A property title deed is the document that names the owner or owners of a house or property. When a house is purchased the deed is transferred to the buyer, recorded and filed at the Registry of Deeds office in the county where the property is located. Without your name listed on the property title, you cannot sell, refinance or transfer the deed for estate planning. A quitclaim deed is the legal instrument used to transfer ownership or add someone to a property title.
Obtain a copy of the quitclaim form from the Registry of Deeds office, where the property is located. Quitclaim forms are also available online and can be purchased at most office supply stores. Read the instructions included with the form in its entirety.
Fill out the form completely.
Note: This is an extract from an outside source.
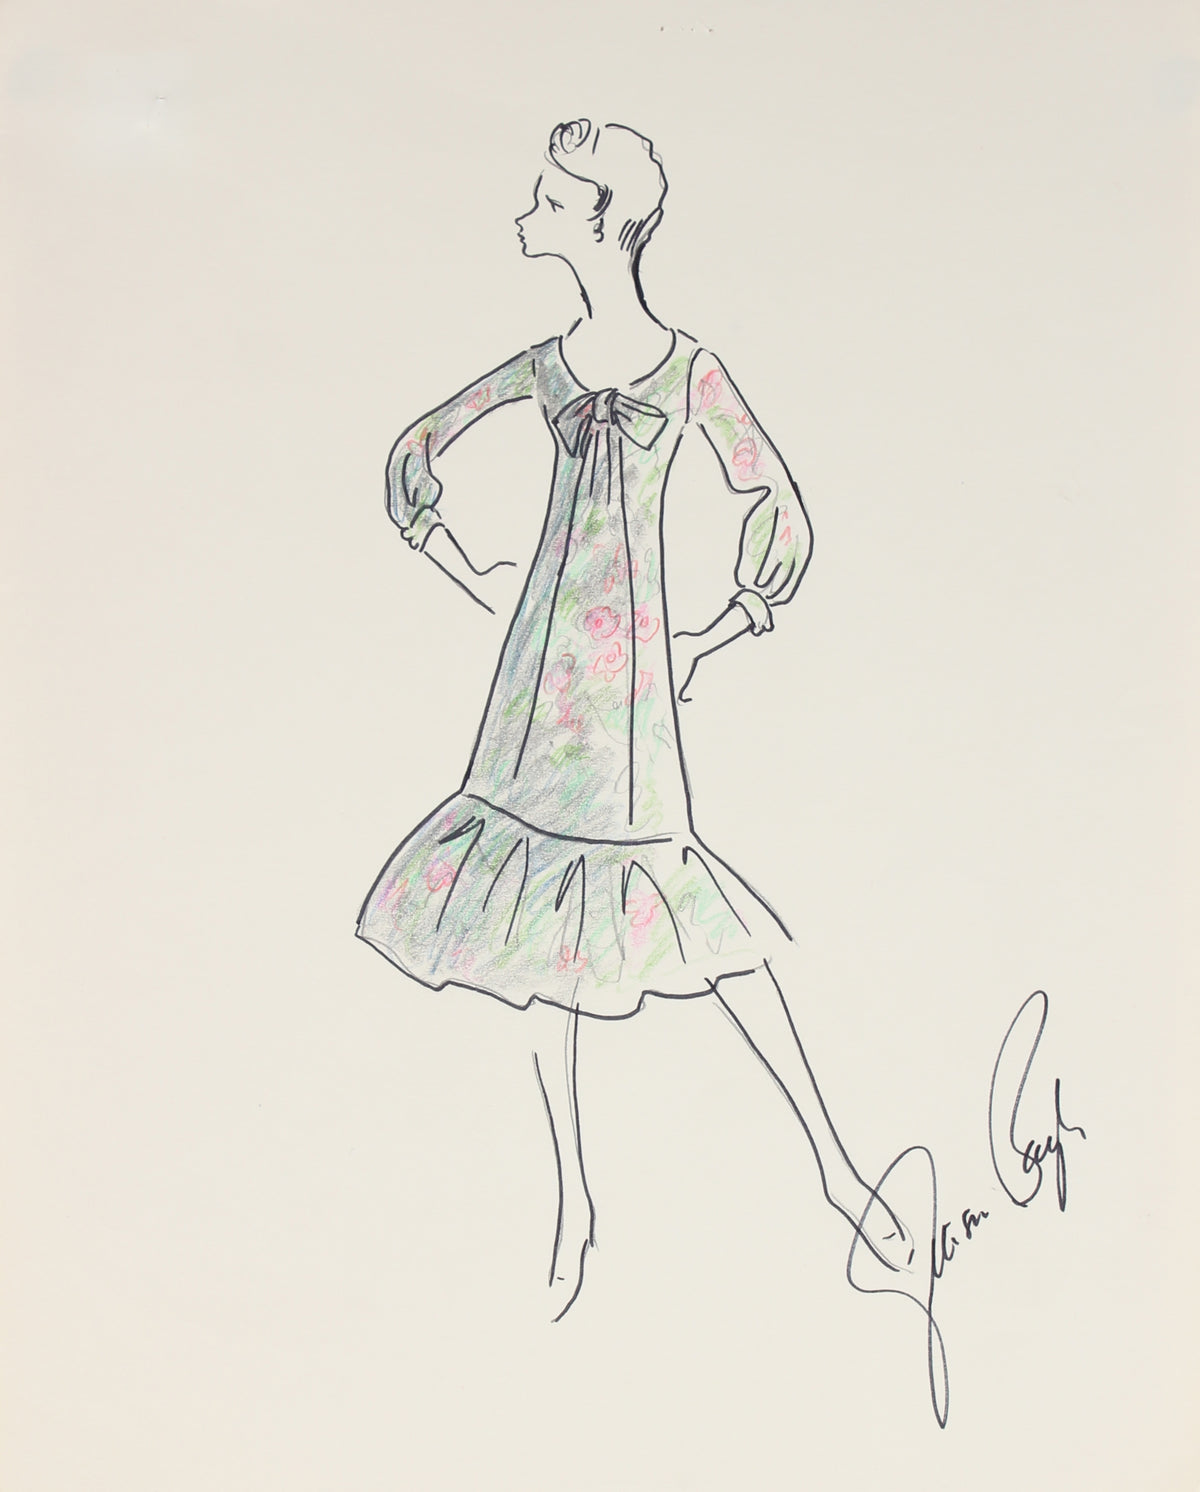 Flowy Dress with a Floral Pattern&lt;br&gt;1950s Fashion Illustration &lt;br&gt;&lt;br&gt;#27252

Include the names and Social Security numbers of all parties involved, the date the deed was completed and the legal description of the property, including the complete address, city, state and Zip code. Write your name next to "recipient." Write the name of the person giving ownership rights to the property next to "grantor(s)."
Have the grantor sign the completed form and have it witnessed by a certified notary public. Most states do not consider quitclaim documents valid if not notarized.
Take the quitclaim deed to the Registry of Deed's office. The document will be recorded and filed by the county's clerk.
- Determine whether there is a mortgage lien on the property -- meaning monthly mortgage payments are made to a bank or mortgage lender. If mortgage payments are made, the house is actually owned by the bank. Contact the mortgage lender and verify the terms and conditions of the loan. Most mortgages include a clause that requires the loan be paid in full in the event that the title is transferred or modified.